The main reason is because if there's a significant bug or large optimization going on, that shit needs to be done, tested and merged before building more stuff on top, otherwise you run the risk of wasted time, tokens and effort having a bunch of parallel work running that may not end up compatible at the end.
Lately I've had a lot more success having Claude generate a plan, send the plan to Codex for co-validation/amendments, have Claude implement the plan, then have Codex PR review the commit (and likely make some edits of its own), then I test out the code/changes.
Meanwhile, my actual management of what I'm asking them to do is just a text file in Notepad where I'll write like BUG: xyz thing does abc or IDEA: let's change this to that as I'm testing in-app, with the actual code opened in Notepad++ tabs (lol feel free to roast me, I'm in front of 2 screens, one Windows (primary), one Mac (to the right), sharing keyboard and mouse -- LLMs are 99% on the Mac, planning/testing/verification/manual coding/graphic design on Windows, committing and pushing to a repo both machines have checked out)
I haven't yet found a scenario where many Claudes and many Codexes running simultaneously on 35 concurrent features makes any sense, but I'd definitely encourage people to try multi-model cooperation since they all seem to have different sensibilities.

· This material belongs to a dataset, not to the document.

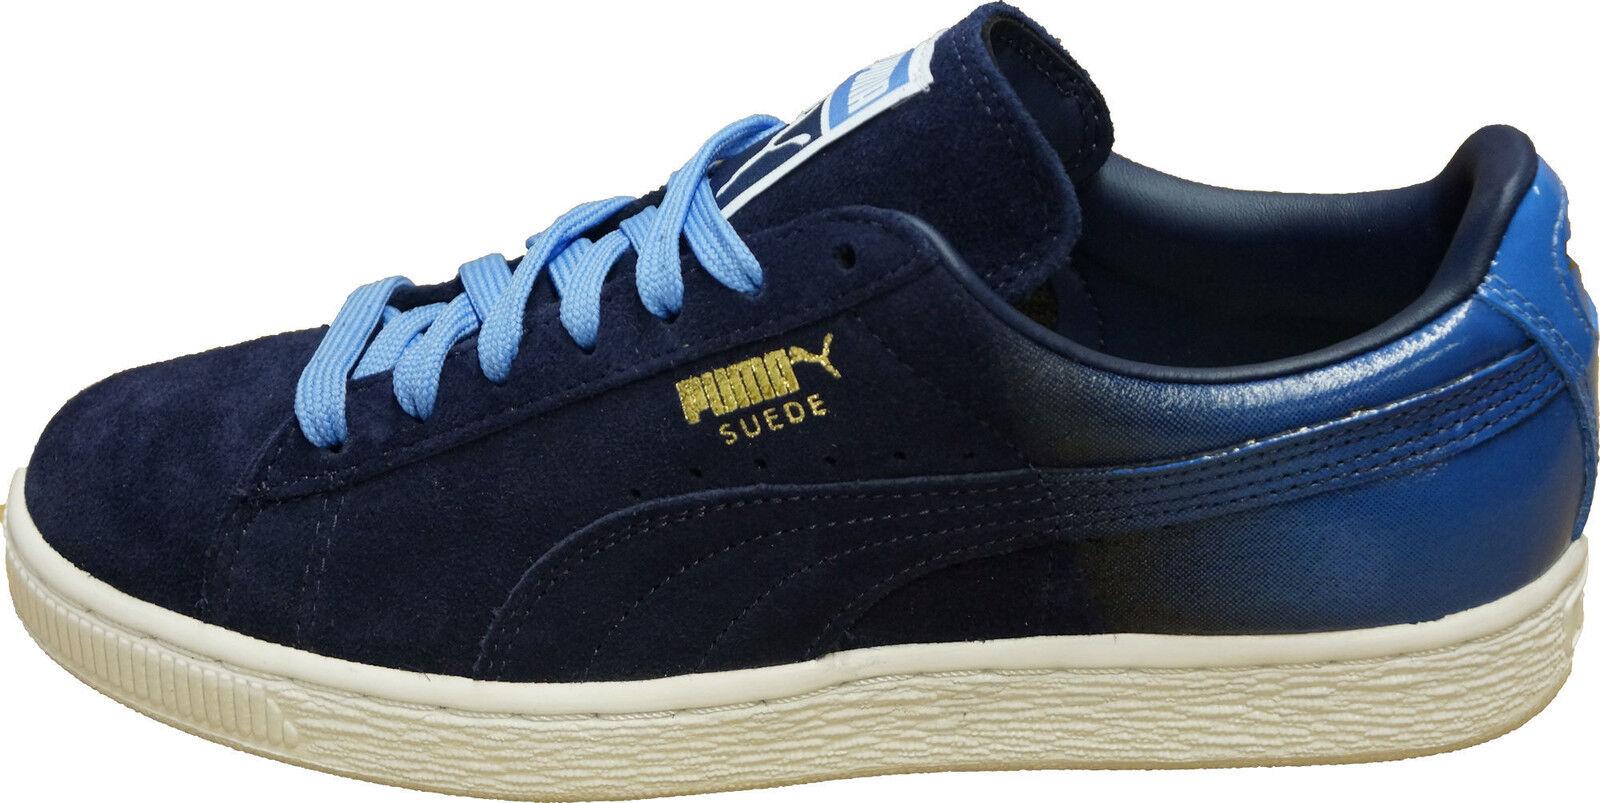 Puma - scamosciato classico + macchia donne edizione limitata - Puma giacca blu marina bianchi 1d5fbf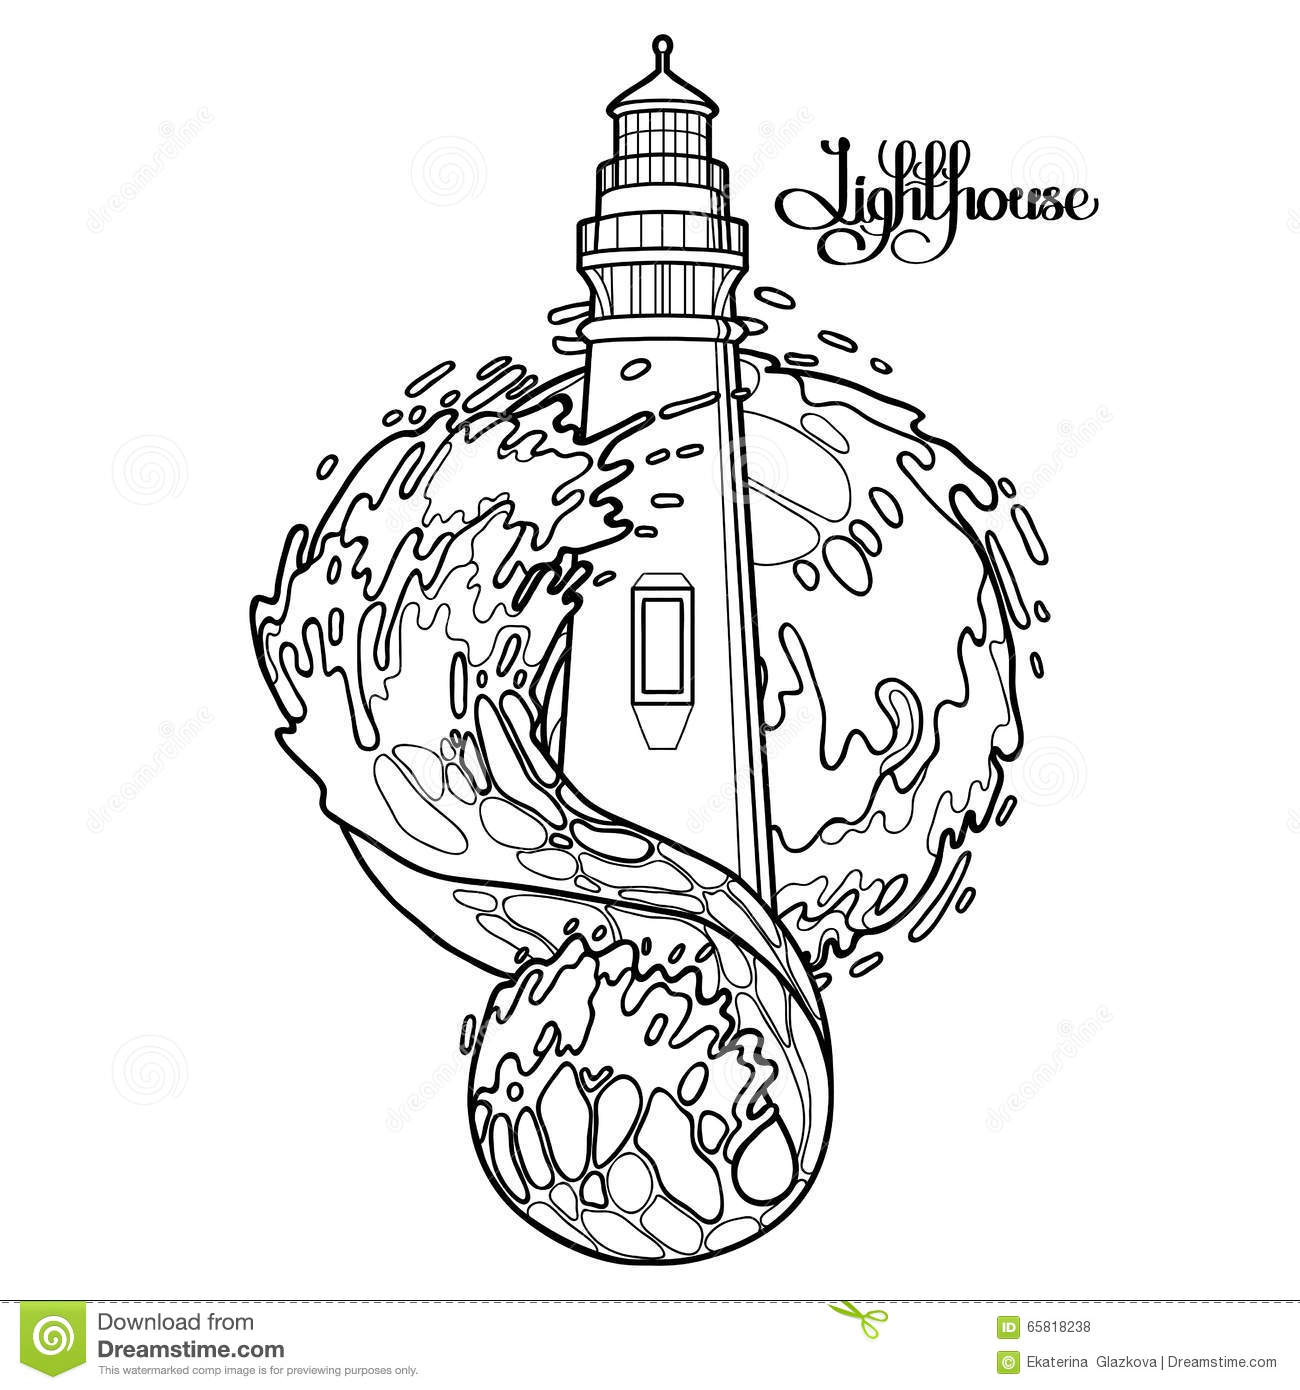 Drawn lighhouse line drawing #tattoo Tatuagens lighthouse #draw #farol

I haven't made much use of Gemini in this context though because two's company, three's a crowd. YMMV.
I expected this to become less necessary over time as models got faster, but the opposite has happened. It feels like Claude has actually gotten slower (but in fairness does more per prompt), meaning worktrees are even more essential now.
I think whats important is, that you keep atomical small tasks and increments, and whenever possible merge things. to many hanging worktrees can quickly also become a nightmare managing
It's not perfect; I've had some issues with Claude Code forgetting where it did things ("oh... it's not working because I'm not in the right directory"). I think it needs some architectural tweaks to function more reliably.